How do you set bzip2 block size when using tar?

I am using tar to backup a linux server to tape. I am using the -j option to compress the file with bzip2, however I can't see a way to adjust the block size options for bzip2 from tar. The default block size is 900,000 bytes which gives the best compression but is the slowest. I am not that bothered about the compression ratio, so am looking to make bzip2 run faster with a smaller block size.


Solution 1:

export BZIP=--fast
tar cjf foo.tar.bz2 foo

Or pipe the output of tar to bzip2.

Though you should note from the bzip2 man page:

    -1 (or --fast) to -9 (or --best)
              Set  the  block size to 100 k, 200 k ..  900 k when compressing.
              Has no effect when decompressing.  See MEMORY MANAGEMENT  below.
              The --fast and --best aliases are primarily for GNU gzip compat-
              ibility.  In particular, --fast  doesn't  make  things  signifi-
              cantly faster.  And --best merely selects the default behaviour.

Solution 2:

tar -cjf dir.tar.bz2 --options bzip2:compression-level=9 path/to/dir/

Solution 3:

bzip2 block sizes

bzip2 has some block size options. From the manual page bzip2(1):

-1 (or --fast) to -9 (or --best)
       Set the block size to 100 k, 200 k ..  900 k when compressing.
       Has no effect when decompressing.

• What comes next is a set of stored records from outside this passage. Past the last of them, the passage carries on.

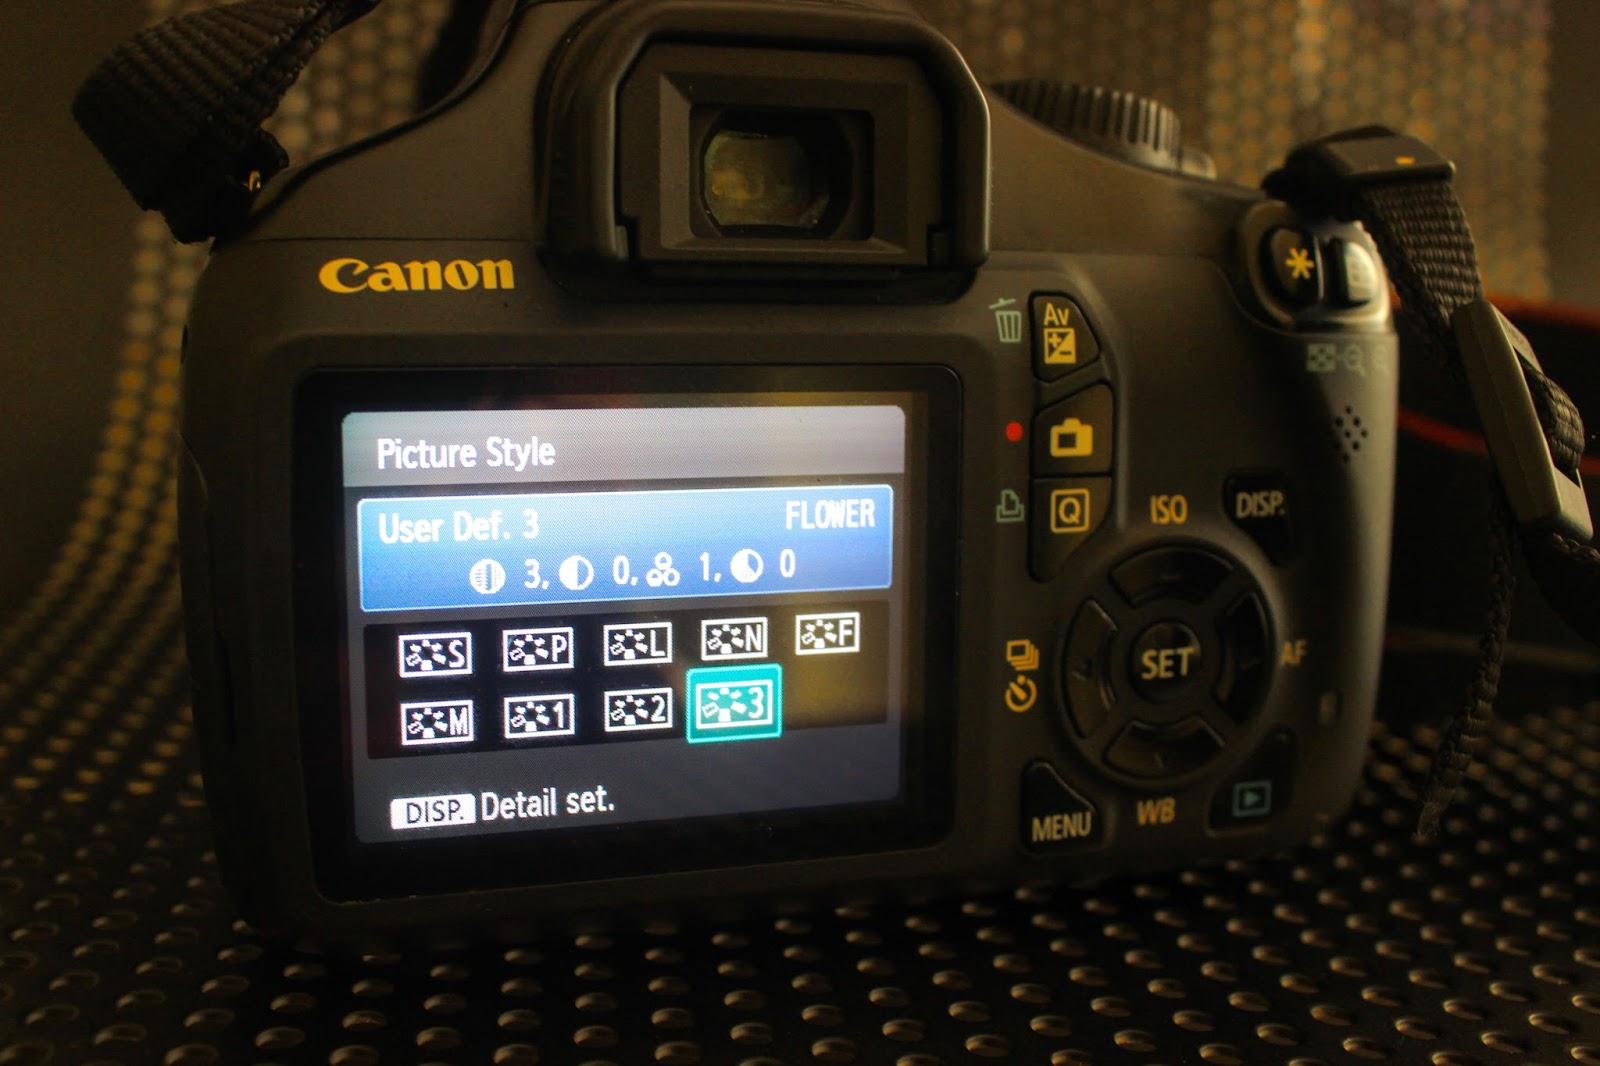 Cara Mengisi Picture Style Pada Kamera Dslr Canon Blog Banten Kamera
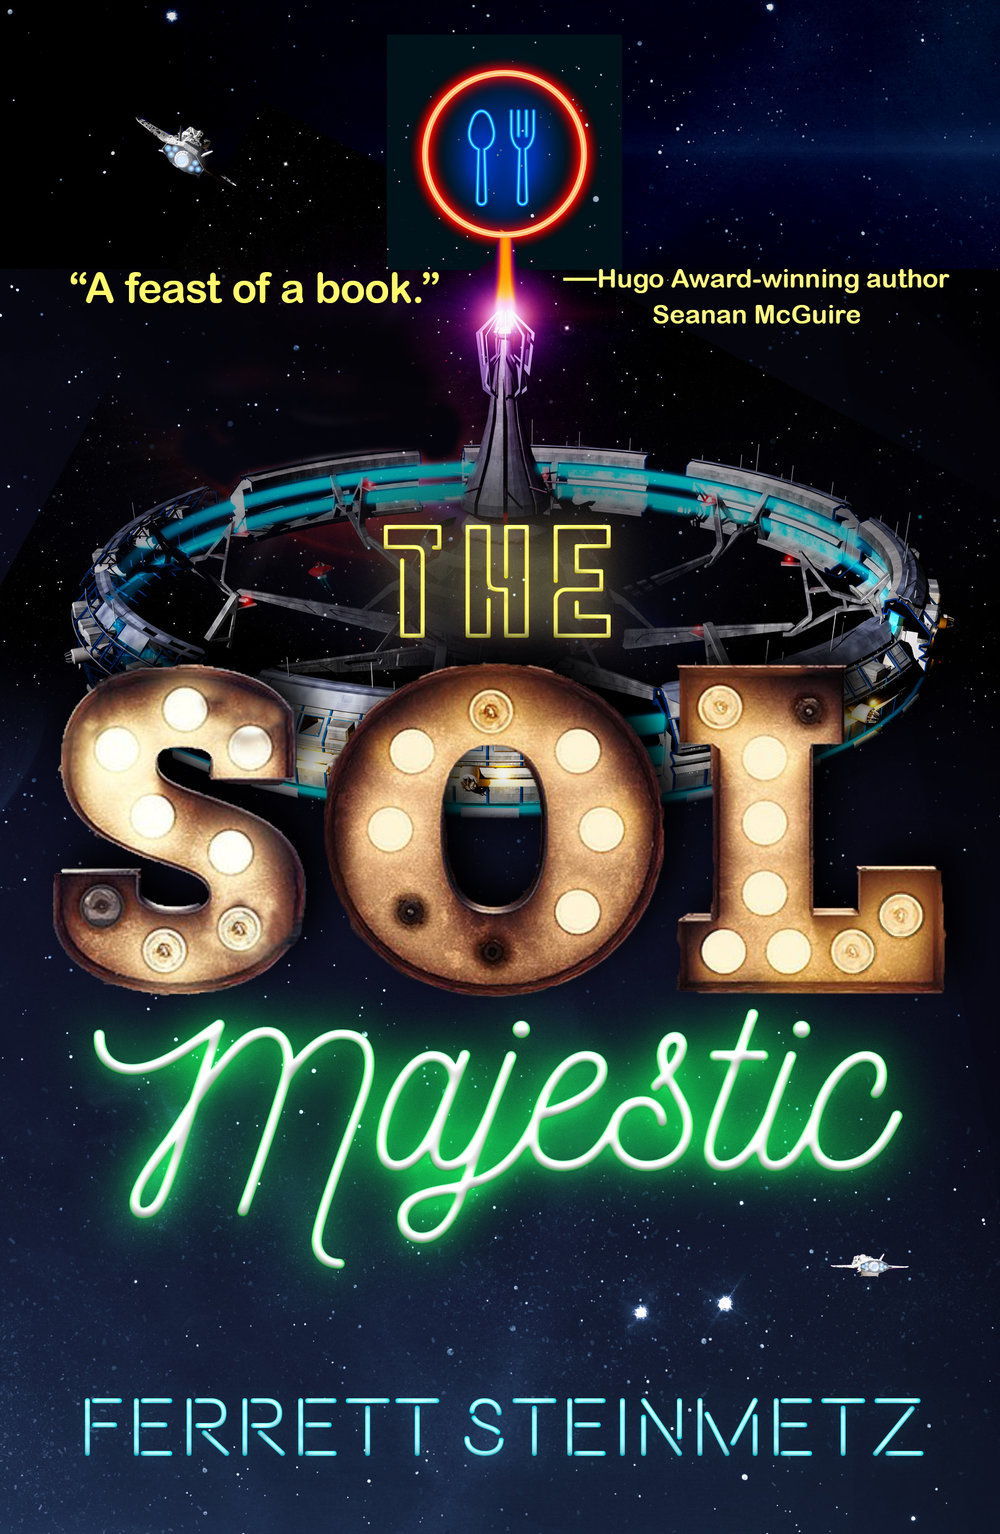 The Sol Majestic_Ferrett Steinmetz.jpg
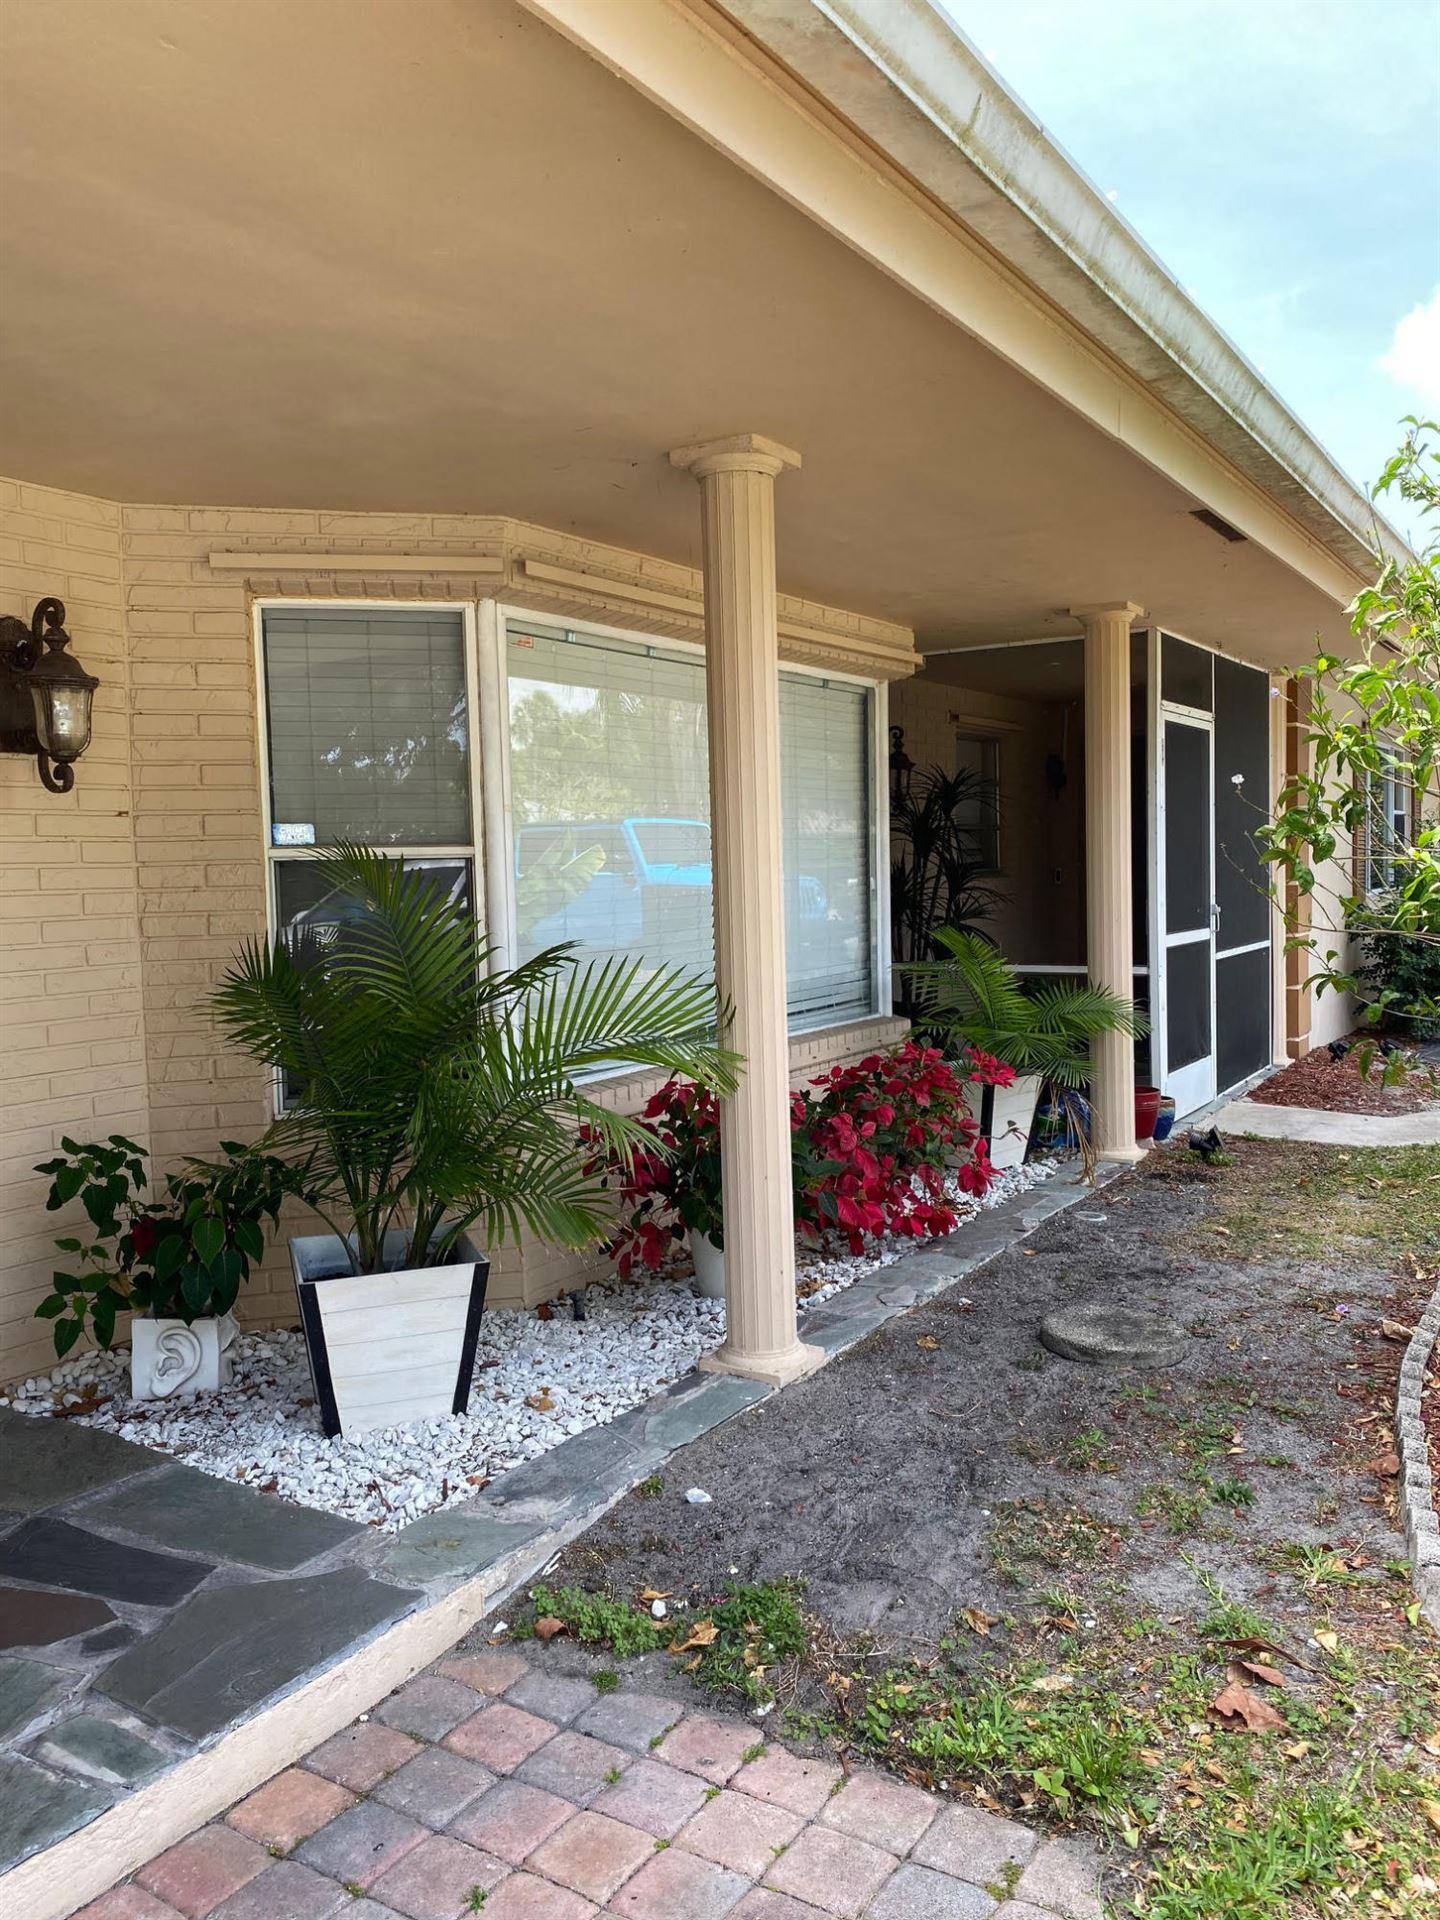 2082 S Conference Drive, Boca Raton, FL 33486 - MLS#: RX-10715106

See MEMORY MANAGEMENT below.
       The --fast and --best aliases are primarily for GNU gzip
       compatibility. In particular, --fast doesn't make things
       significantly faster. And --best merely selects the default
       behaviour.

As you want faster compression with less regards to compression ratio, using bzip2, you seem to want the -1 (or --fast) option.

Setting bzip2 block size when using tar

You can set bzip2 block size when using tar in a couple of ways.

The UNlX way

My favorite way, the UNlX way, is one where you use every tool independently, and combine them through pipes.

$ tar --create [FILE...] | bzip2 -1 > [ARCHIVE].tar.bz2

You can read that as "create .tar with tar -> bzip it with bzip2 -> write it to [ARCHIVE].tar.bz2".

Environment variable

It is also possible to set bzip2 options through the environment variable BZIP2. From the manual page bzip2(1):

bzip2 will read arguments from the environment variables BZIP2 and BZIP,
in that order, and will process them before any arguments read from the
command line. This gives a convenient way to supply default arguments.

So to use that with tar, you could for example do:

$ BZIP2=-1 tar --create --bzip2 --file [ARCHIVE].tar.bz2 [FILE...]

Faster alternatives

bzip2 uses a slow compression algorithm. If you are concerned about speed, you could investigate alternative algorithms, such as those used by gzip or lzop. Here is a nice article comparing compression tools: https://aliver.wordpress.com/2010/06/22/huge-unix-file-compresser-shootout-with-tons-of-datagraphs/

Solution 4:

Send the tar output to stdout and then pipe it through bzip2 separately:

% tar cvf - _file_ | bzip2 _opts_ > output.tar.bz2